*** Begin section ***
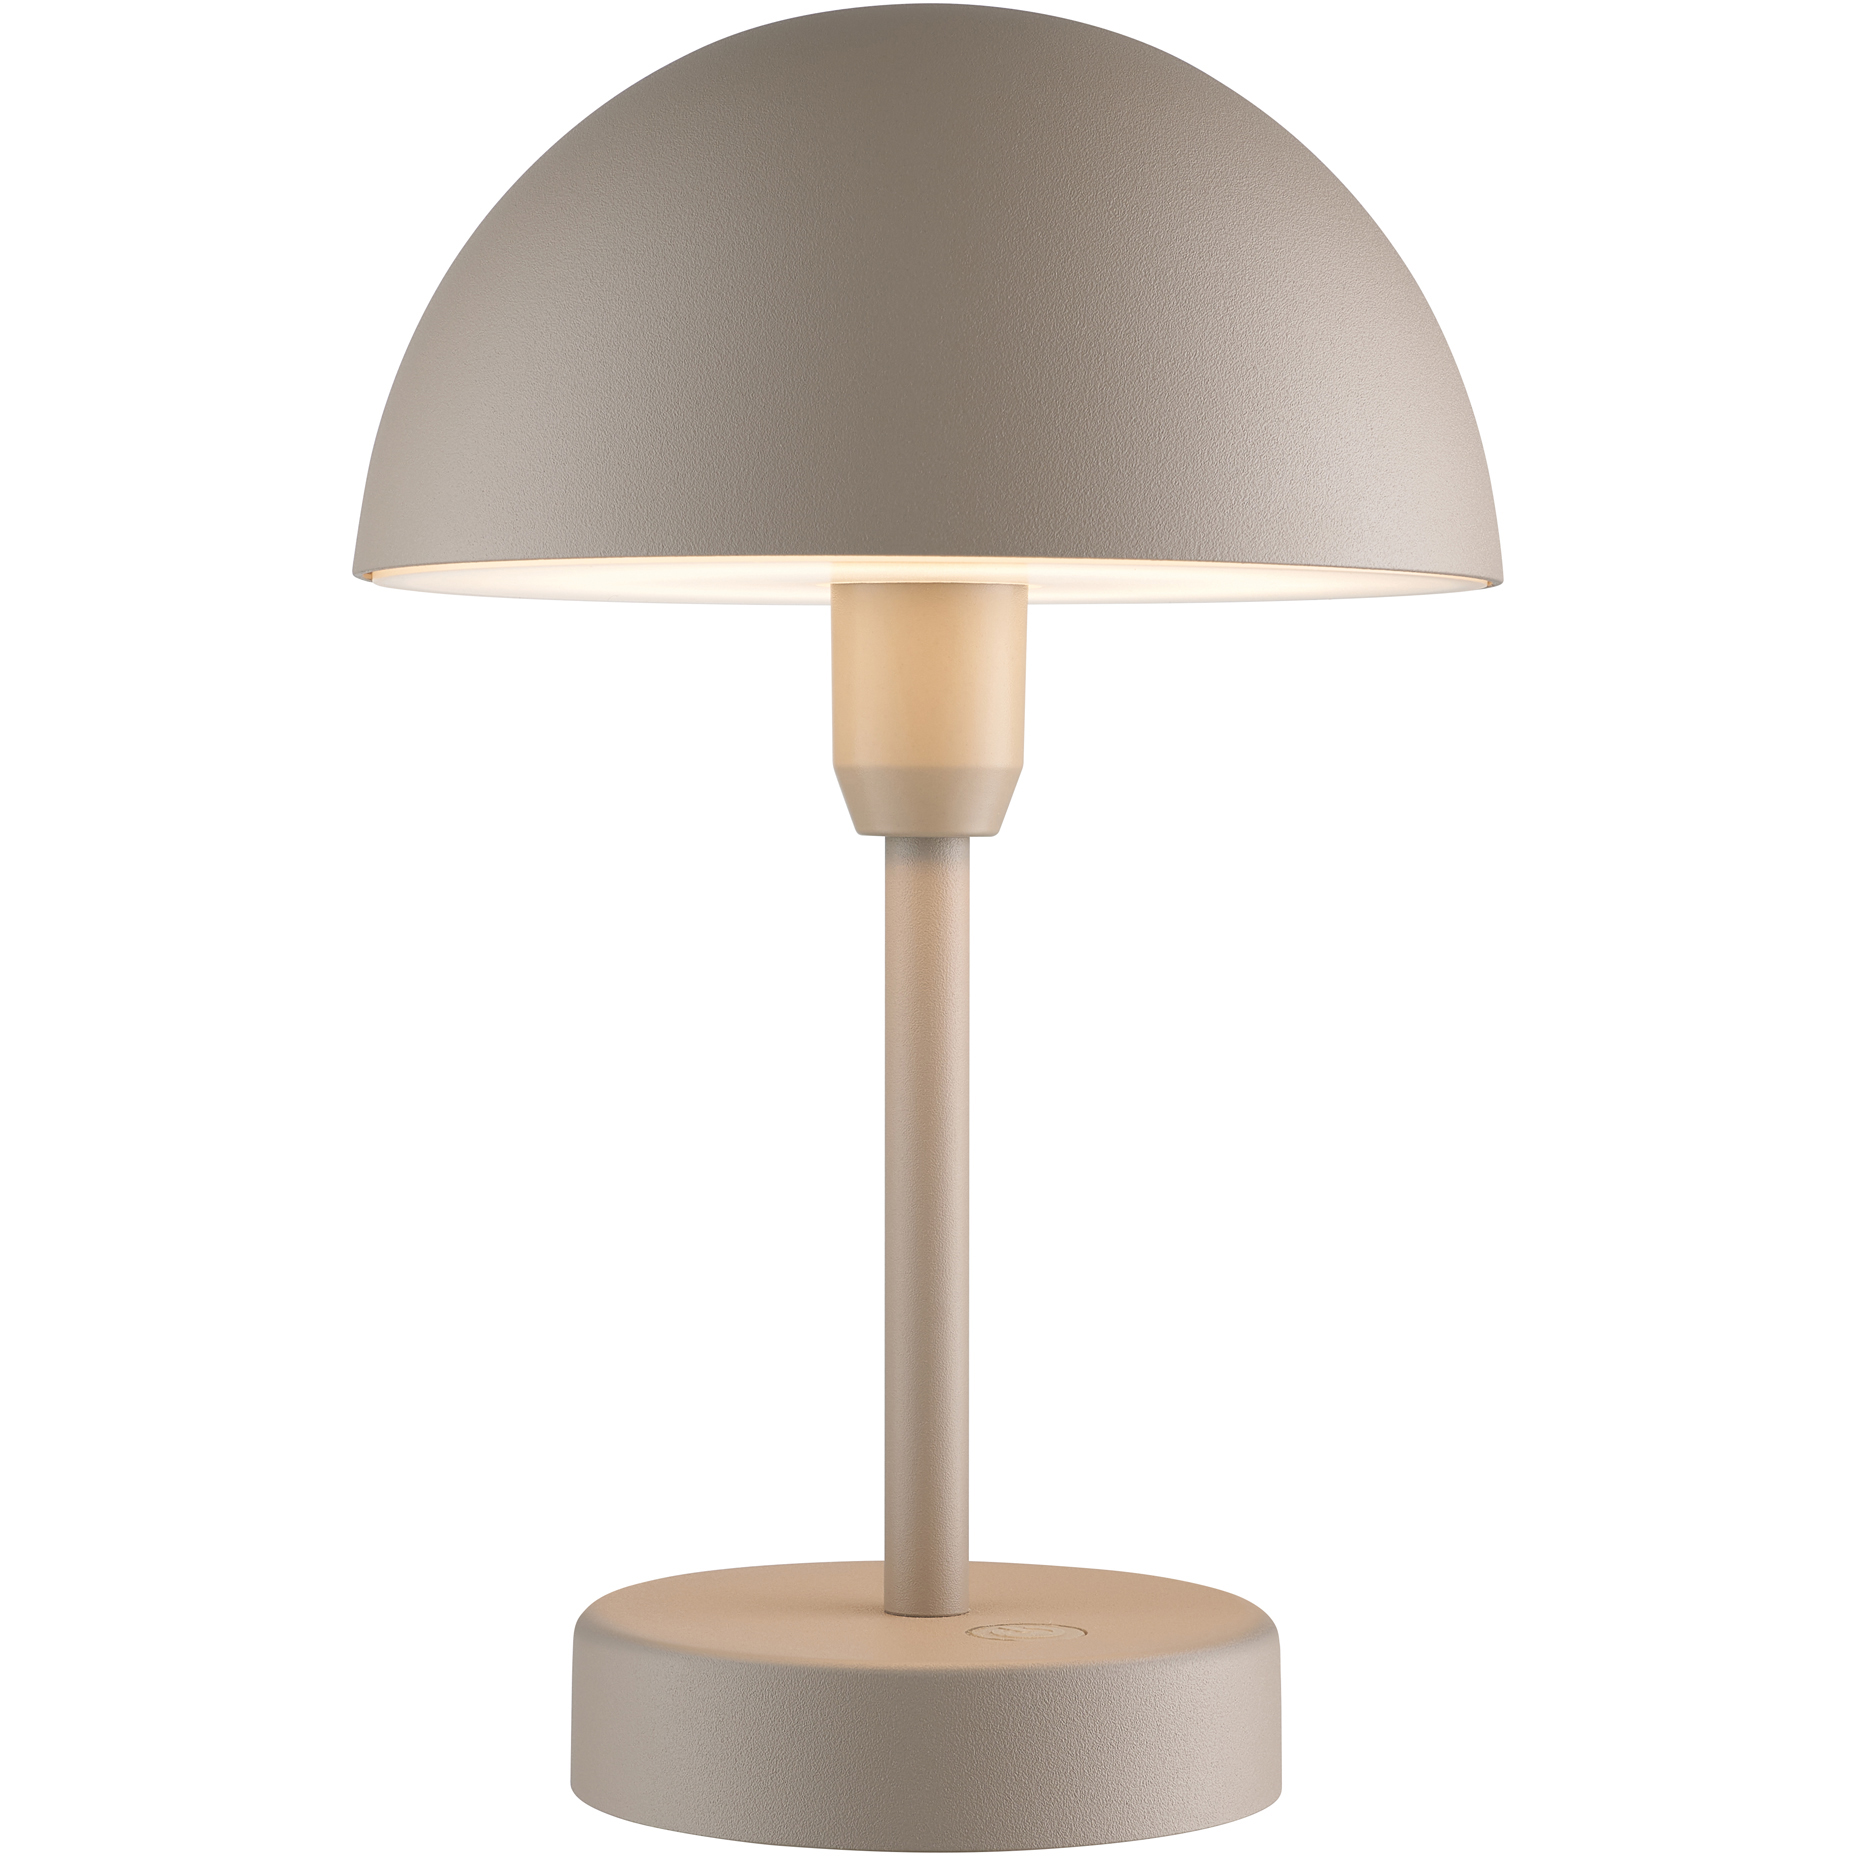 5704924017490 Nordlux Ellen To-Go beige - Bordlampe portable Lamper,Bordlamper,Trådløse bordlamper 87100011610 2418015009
*** End section ***
*** Begin section ***
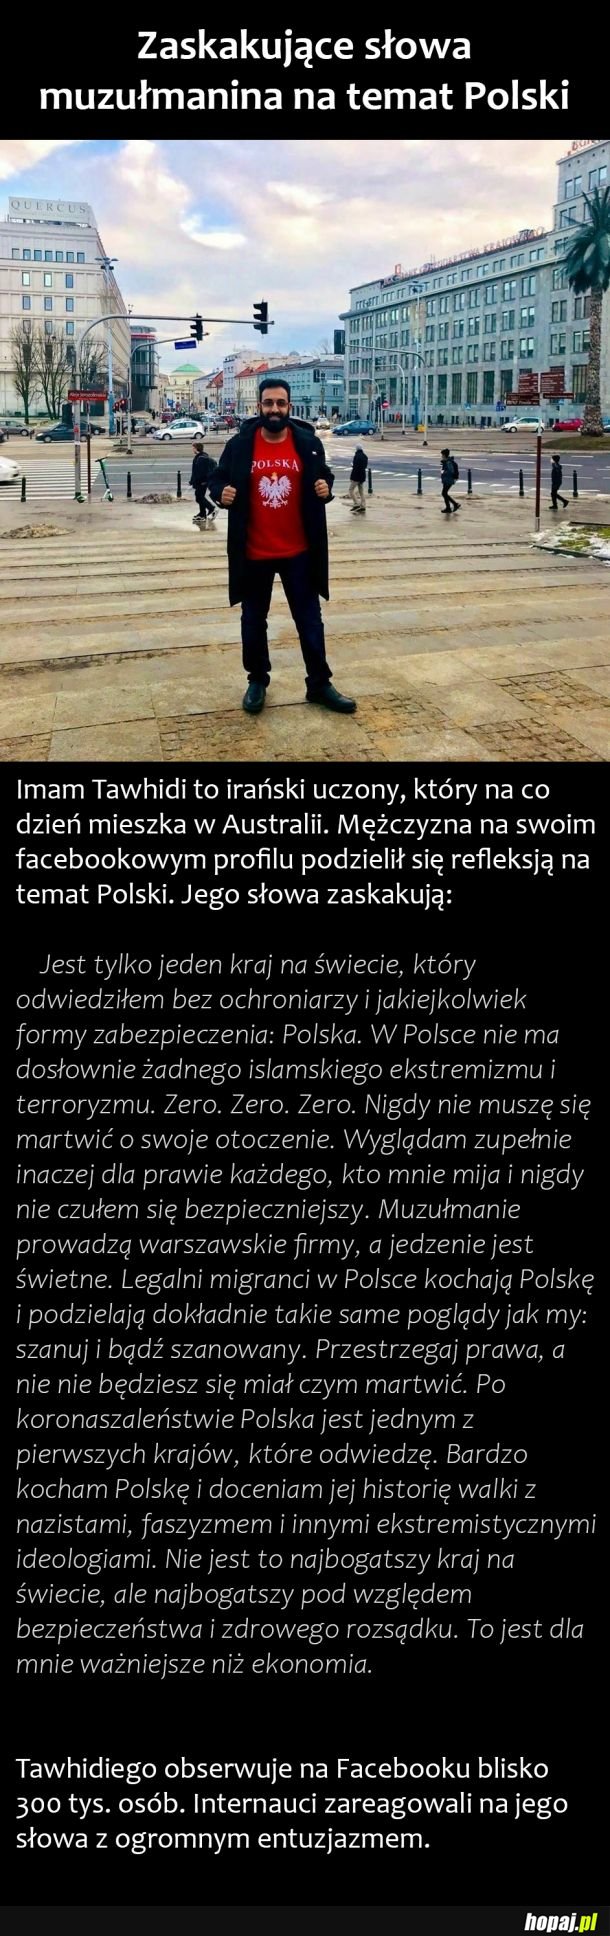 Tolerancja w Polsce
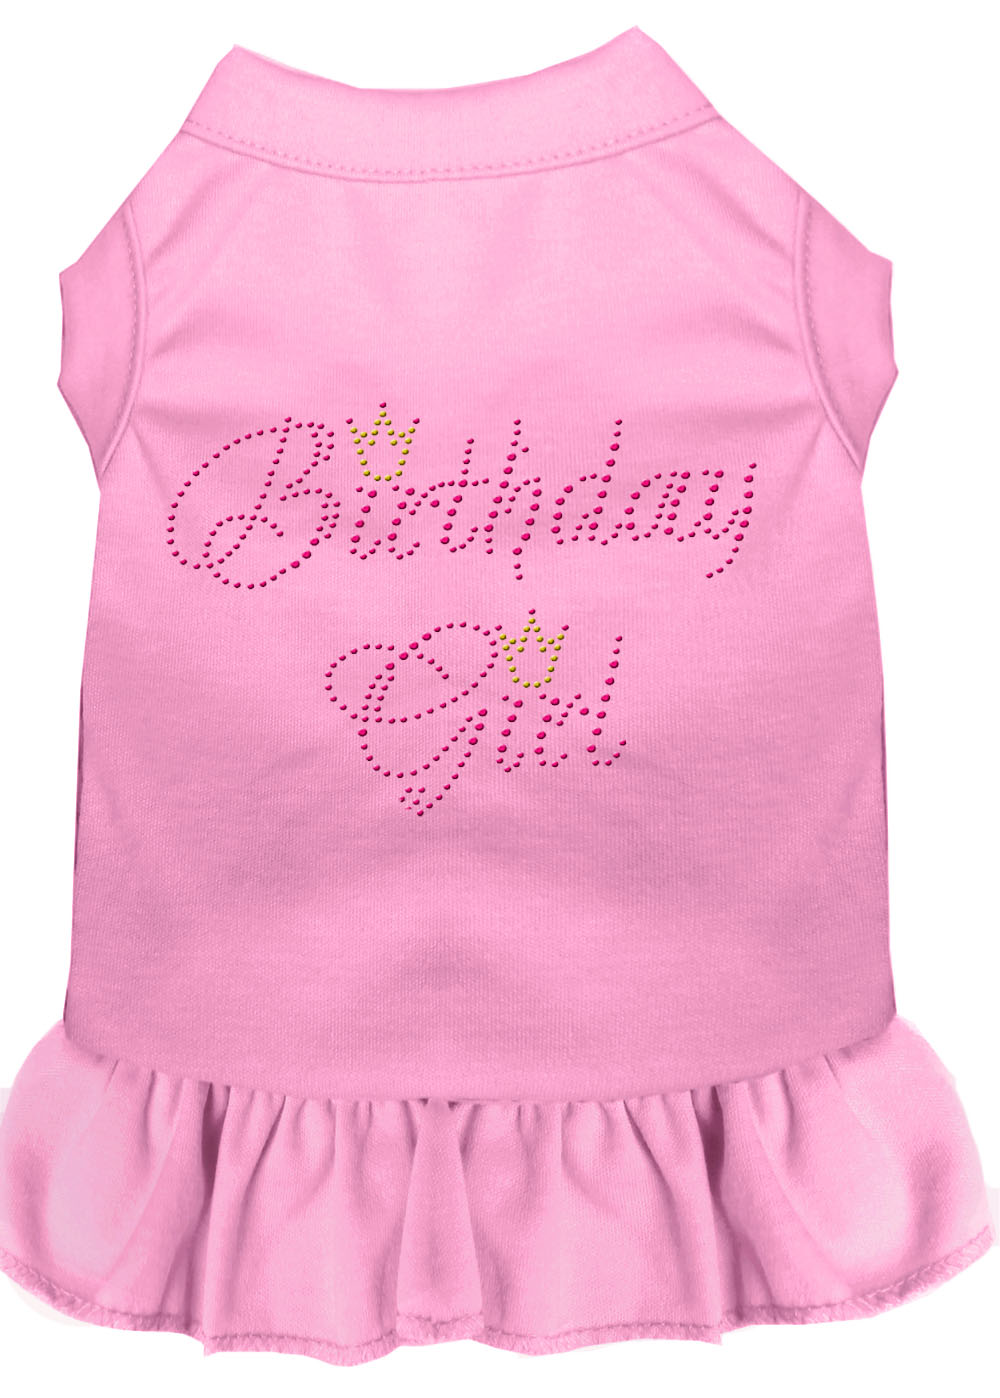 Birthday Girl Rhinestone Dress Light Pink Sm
*** End section ***
*** Begin section ***
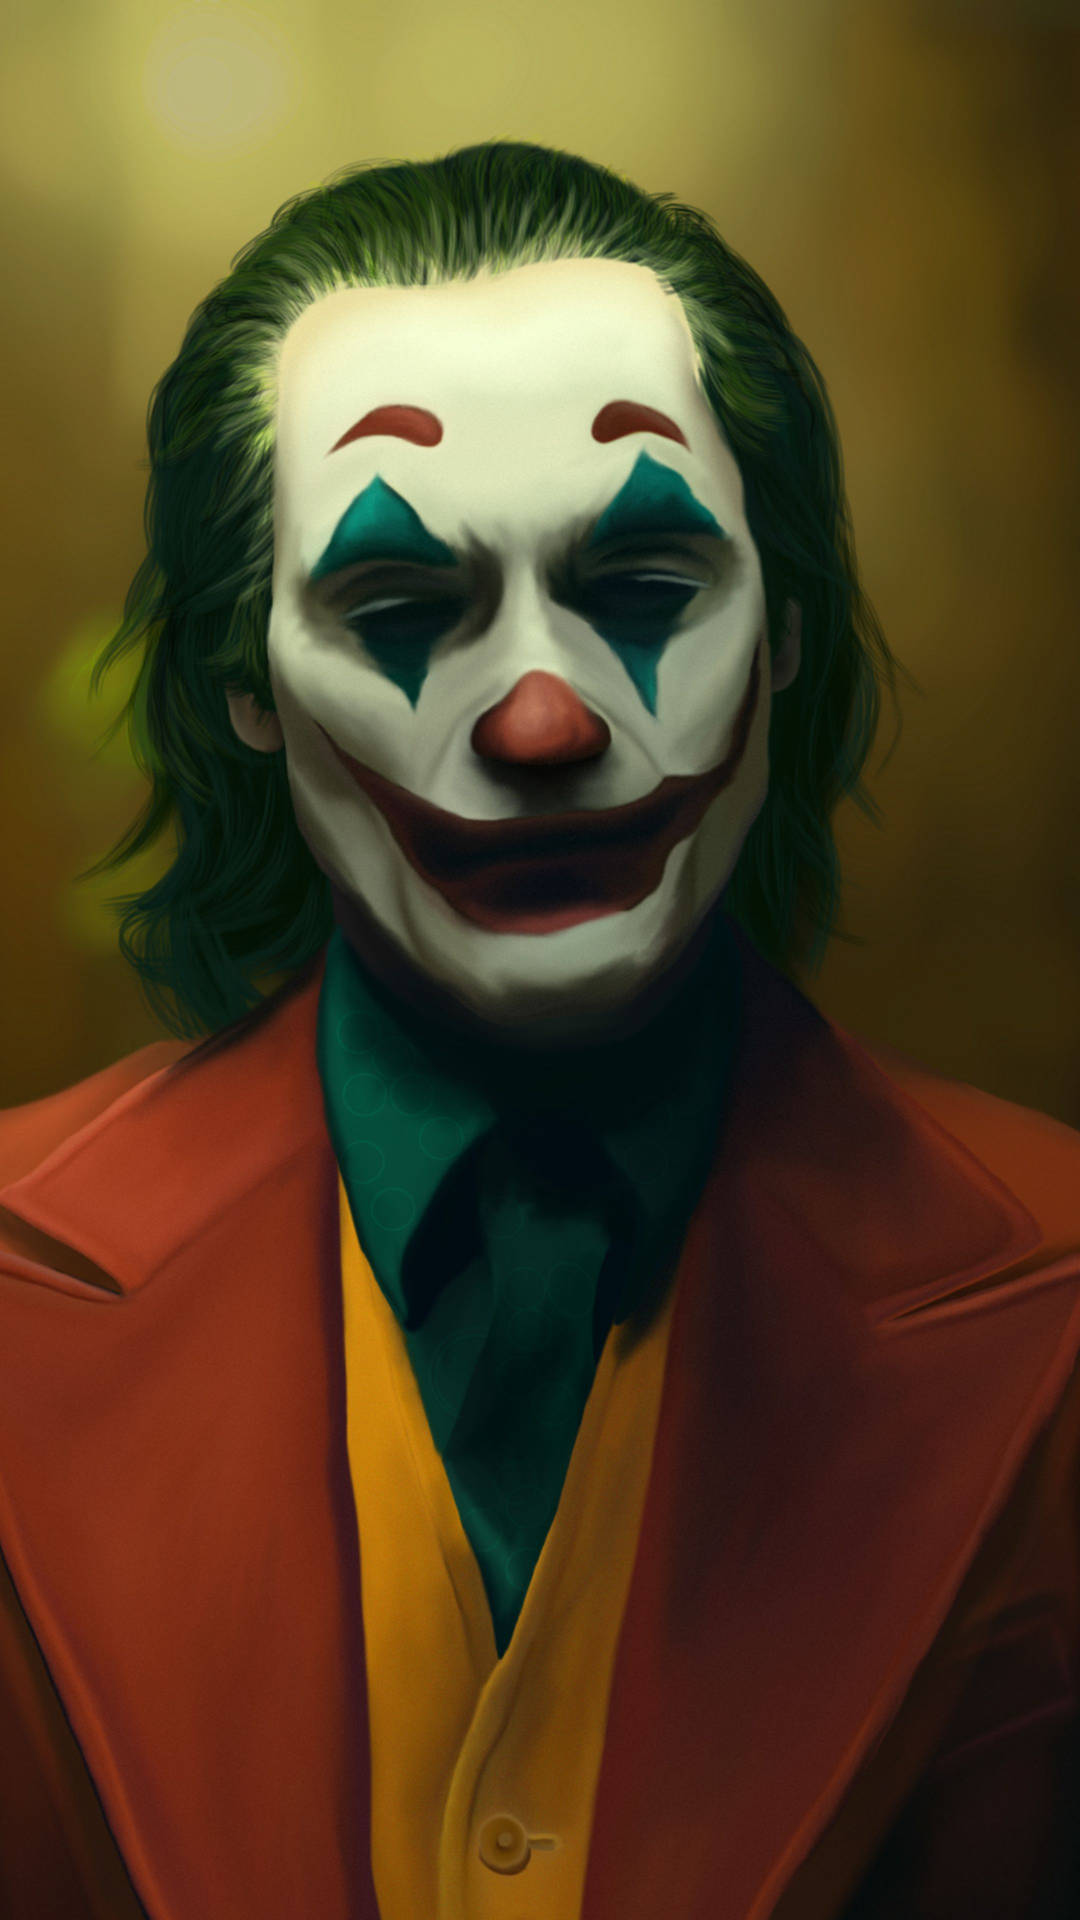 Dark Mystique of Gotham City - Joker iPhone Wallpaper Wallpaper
*** End section ***
- **EXERCISE INSTRUCTIONS**
What is needed is an exact copy of the lines above from the one with "Tolerancja w Polsce" to the one with "Birthday Girl Rhinestone Dress Light Pink Sm", both ends kept, and nothing more; please leave the pictures out.

- **SOLUTION TO THIS TASK**
 Tolerancja w Polsce
 Birthday Girl Rhinestone Dress Light Pink Sm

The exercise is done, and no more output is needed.